In the two previous exhibitions we concentrated on various topics related to the possibilities of painting. The first exhibition looked at the viability and possibility of 'abstract' painting, and the second focused on narrative strategies. The question of painting's relevance, or lack of it, comes up periodically. Rather than going too deep into that discussion, there is a more pressing need to concentrate on the positive aspects of this medium. Why do people still paint? Why are paintings still looked at?

Robert Storr, an artist, critic and curator, has analysed the relevance of painting, saying that, instead of dying, art forms fall into disuse or misuse. Recombination of fragments of previous ways of thinking and doing, together with a fresh understanding of the emerging social and aesthetic reality, make it possible for genuinely new conventions and new objectives for the medium to emerge.

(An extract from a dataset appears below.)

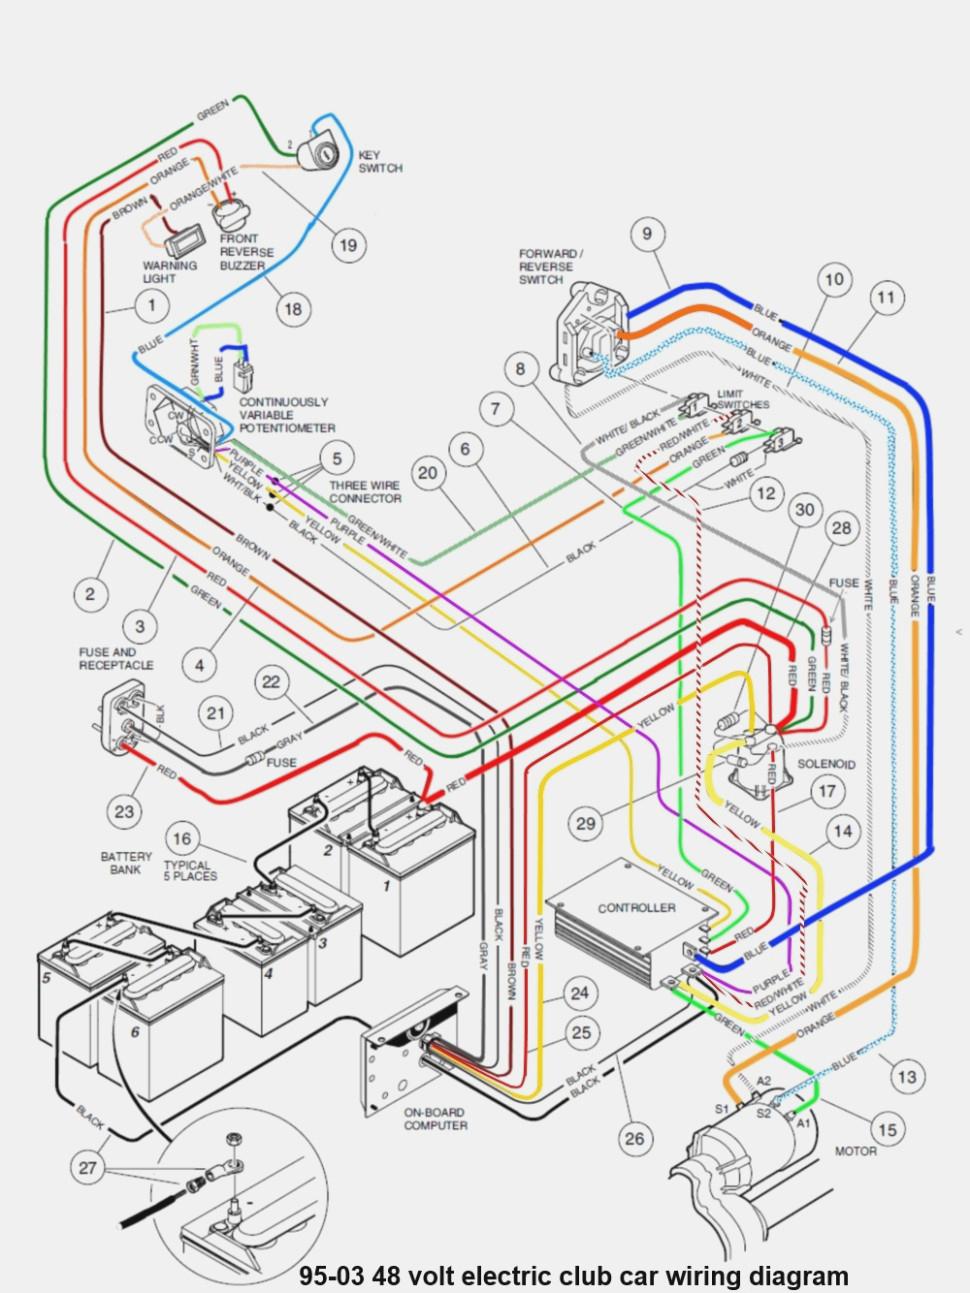 2008 Club Car Iq Wiring Diagram 48V | Wiring Diagram - 2008 Club Car Precedent Wiring Diagram

Many of the surveys of contemporary painting have consisted of works from the 'extended field of painting'. More often than not, one has left these undoubtedly seminal exhibitions wondering whether it was more a question of the curators' or the events' will and quest for prestige than of the artists' genuine efforts that led to the selection of a wide variety of media under the umbrella term 'painting'. The ever-accelerating speed of the artworld, the continuous search after novelty, and the often futile attempts to incorporate different developments have resulted in neglect of traditional means - painting among them.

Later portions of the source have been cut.